Et il avait raison ! Croyez-moi sur parole, des gens se sont fait braquer leurs paires à peine sortis des magasins et même après ! Certains étaient même prêts à payer de leurs vies pour garder leur paire de Jordan V. Vous trouvez cela choquant ? Mourir pour un produit de consommation ? Seulement une partie de l’Amérique est à cran… La Jordan V n’est qu’un catalyseur. Tout cela s’inscrit dans un climat social, économique et racial dégradé depuis plusieurs années et sur fond de guerre du Golfe, qui aboutira aux violentes émeutes de Los Angeles en 92.

Au fait, Le très reconnu magazine américain Sport Illustrated titrait à propos de cette fameuse paire : « Your sneakers or your life ». Vos baskets ou votre vie.

Dans ce contexte, je n’ai pas pu porter ma paire avant mon retour en France.
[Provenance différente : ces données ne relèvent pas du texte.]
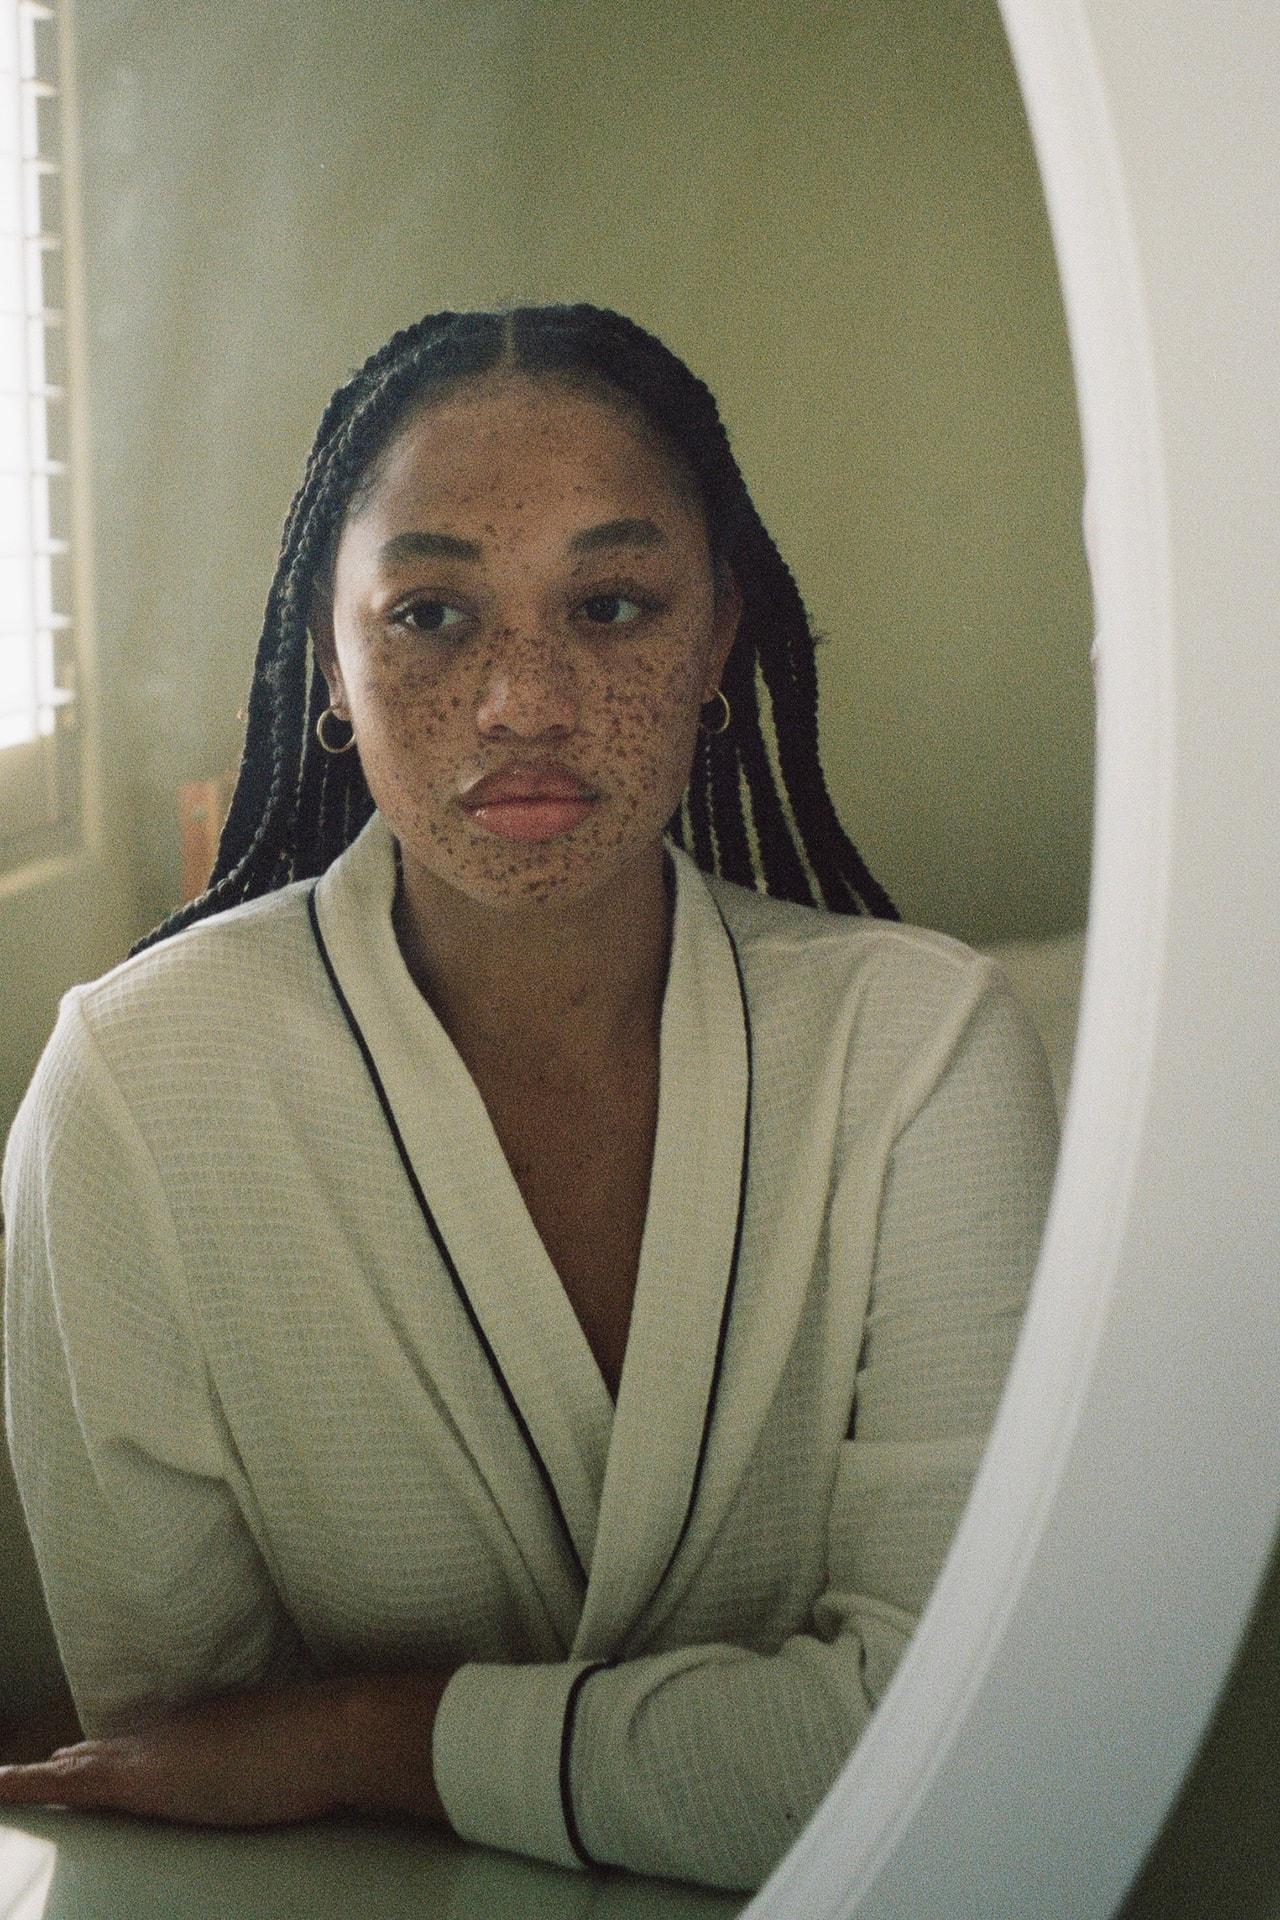 Salem Mitchell Model Los Angeles Beauty Makeup Glossier Lip Gloss Clear Bathrobe Freckles
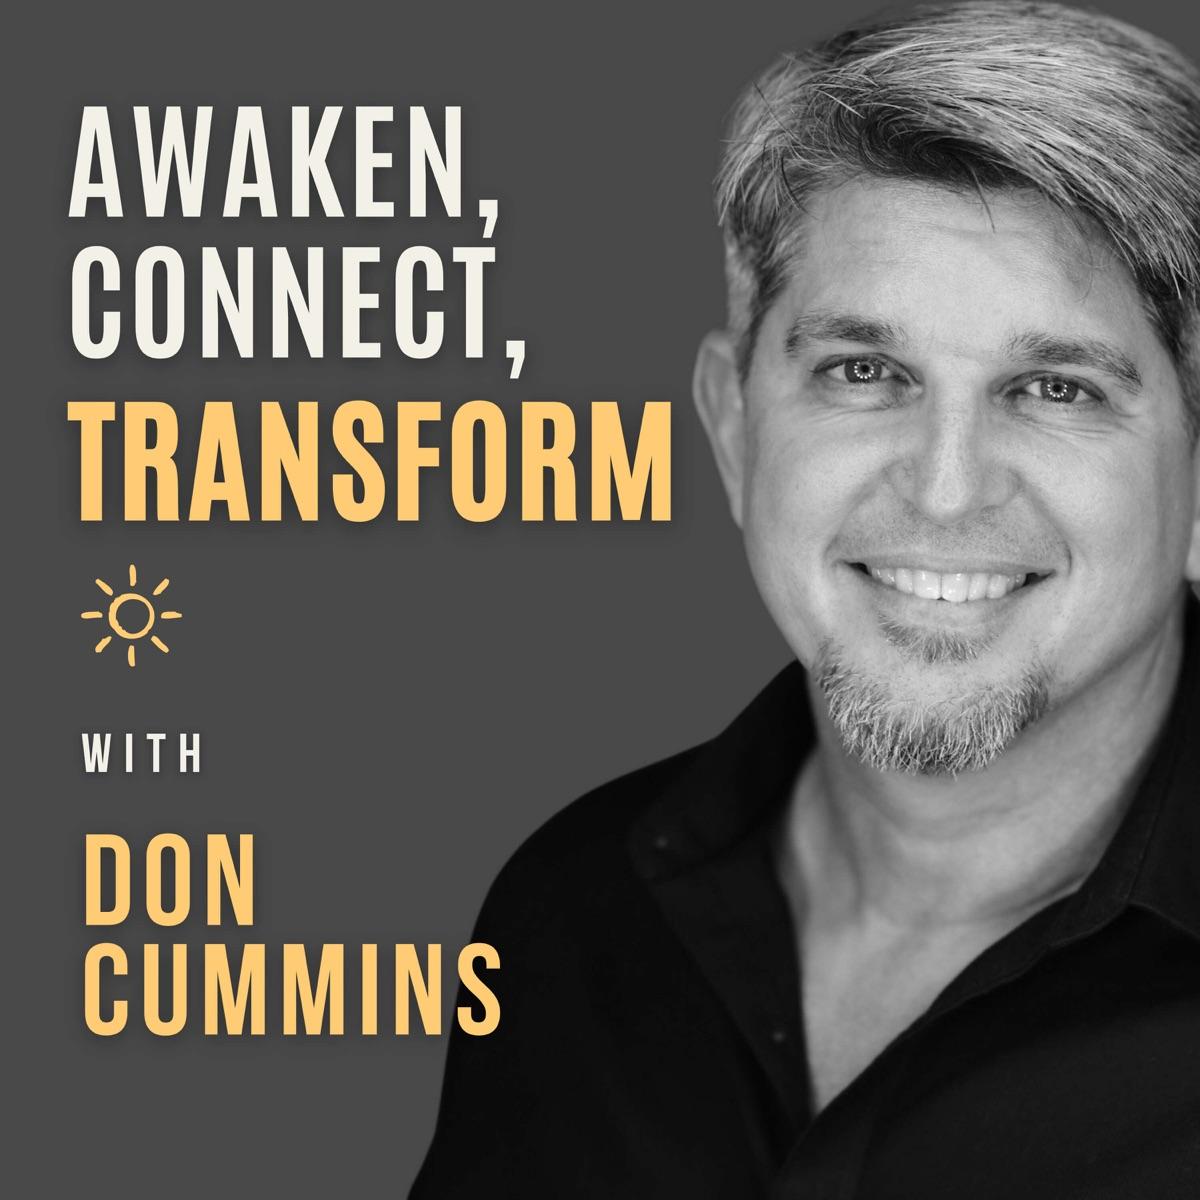 Awaken, Connect, Transform

Elle est devenue ma paire fétiche, non pas parce que j’ai pu frimer devant mes potes qui ne l’avaient pas, mais pour tout ce qu’elle représente une facette de l’Amérique que je n’ignorais pas mais que j’ai découvert du haut de mes 18 ans.

Max Limol in Jordan 5

Au-delà de l’anecdote spectaculaire, chacun avec sa propre sensibilité, son vécu, son histoire, y aura vu différentes choses.
Selon vous Qu’est-ce que je viens de vous raconter ? Un fait divers ? Une chronique des Etats Unis dans les années 90, ou pour les marketeux est-ce que c’est l’image d’une marque qui explose et qui va littéralement inonder le marché du sport et révolutionner le marketing sportif ? Je vous laisse vous forger votre propre opinion, pour ma part j’ai fait mon choix….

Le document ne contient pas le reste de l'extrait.